Вольтер (Акимова) - страница 163

Был ли он справедлив, уважал ли он законы, щадил ли он права человечности, когда отягощал свой народ налогами? Когда, чтобы поддержать свои неосторожные мероприятия, он придумывал тысячи новых поборов, вроде гербовой бумаги, из-за которых произошли восстания в Ренне и Бордо? Когда в 1691 году 80 налоговыми эдиктами он разорил 80 тысяч семей? Когда в 1693 году он исчерпал их терпение и усугубил их нищету еще 60 эдиктами? Когда он выпускал кредитные билеты, которыми расплачивался со своими подданными и которых не принимал от них к уплате? Когда в 1704 году он предписал, чтобы эти билеты, потерявшие до 12–15 процентов, принимались во всех отраслях торговли как наличные деньги? Когда каждый год он отягощал государство миллионной рентой, — не для того, однако, чтобы поощрять промышленность или защищать границы, а чтобы давать празднества и строить Версаль?..

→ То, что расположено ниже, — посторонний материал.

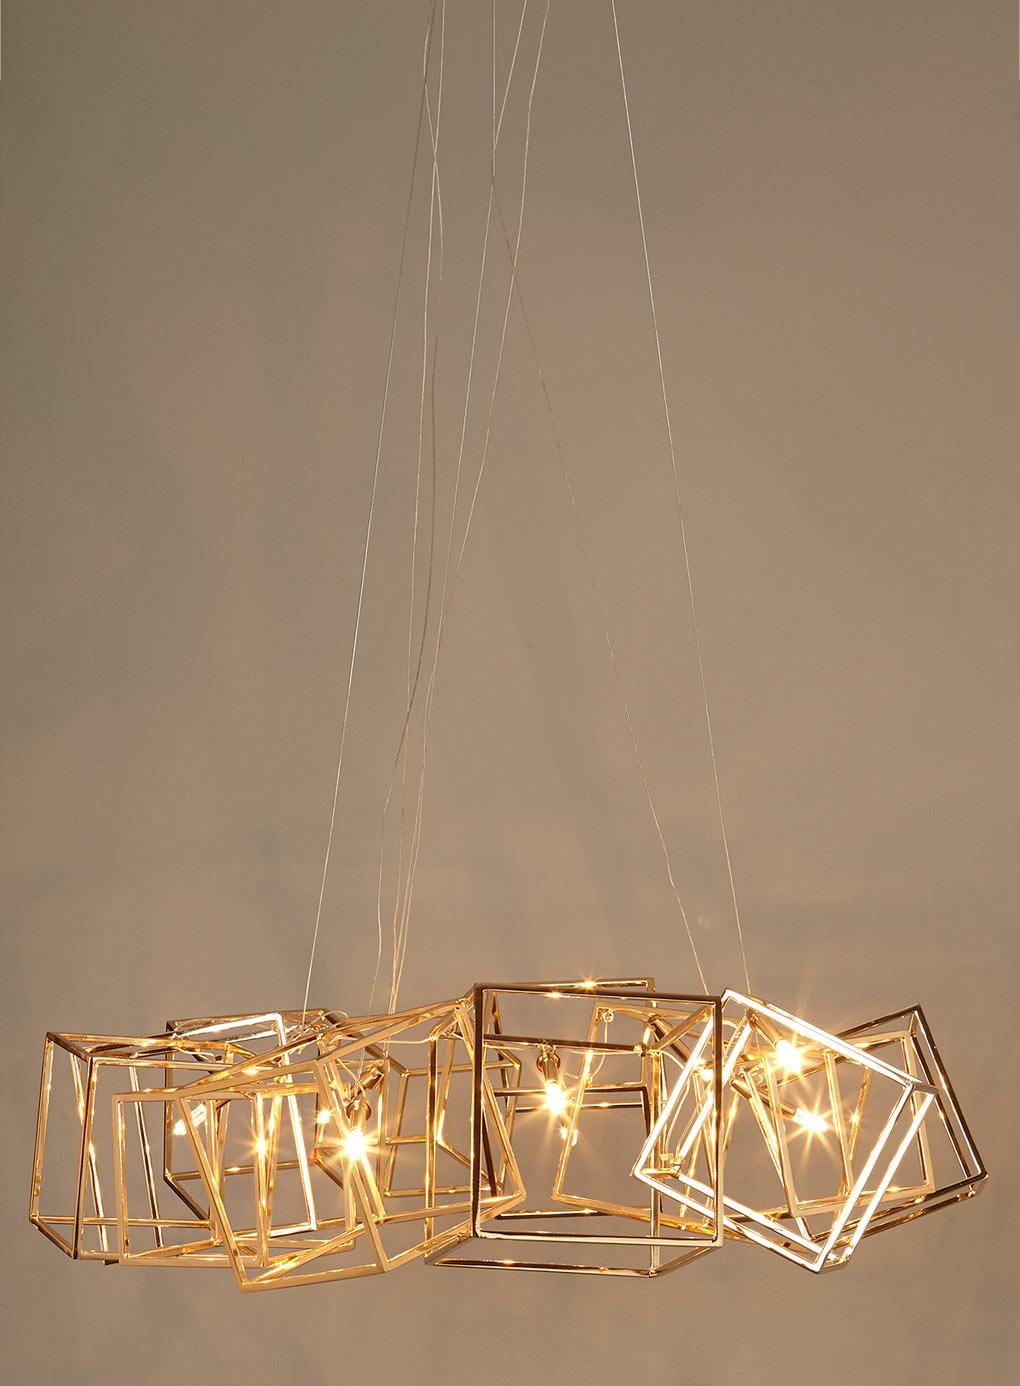 Bhs Gold Wall Lights : Dexter 9 - #tidylife

Покровительствовал ли он законам, способствовал ли он отправлению правосудия, совершал ли он великие деяния на благо общества, возвеличивал ли он Францию выше всех монархий на земле, когда, чтобы подкопаться под основы эдикта, дарованного одной пятой нации, он в 1676 году отсрочил на три года уплату долгов новообращенным? Когда в 1679 году он запретил верховным судам назначать гугенотов судьями? В 1680 году запретил акушеркам оказывать помощь беременным женщинам? Когда он отнял у всех подданных право менять свои мнения? У больных — утешение спокойной смерти? Когда декларацией от 17 июня 1681 года он разрешил семилетним детям переходить в католичество и тем самым уходить из-под родительской власти? Когда позволил церковным старостам терзать совесть агонизирующих? Иезуитам — захватить Седанскую академию? Госпиталям — присваивать имущество, оставленное по завещаниям для бедных протестантов?» (Lettres de Mr. de la Baumelle à Mr. de Voltaire, p. 88–91.)

Самое поразительное, что противники, чего не понимал Вольтер, оба принадлежали к французскому Просвещению, Гордон считает — к его буржуазному крылу. Я не сторонница столь категорических социологических определений, тем более что Вольтер, являя собой ранний этап Просвещения, выступал от имени недифференцированного третьего сословия. Но не могу не согласиться с объяснением исследователем отсутствия между ними единства тем, что «Вольтер с его ставкой то «на философа на троне», Фридриха II, то на «Семирамиду Севера», Екатерину II, представляет в Просвещении реформистское начало, а Лабомель — его радикальную, боевую сущность».

Но, на мой взгляд, Л. С. Гордон недооценивает эволюцию Вольтера, страдания, им испытываемые оттого, что, так любя свободу, он вынужден был жить при королях, счастья, его обуревавшего, когда он сам себе стал королем. Об этом уже говорилось и будет еще говориться в моей книге.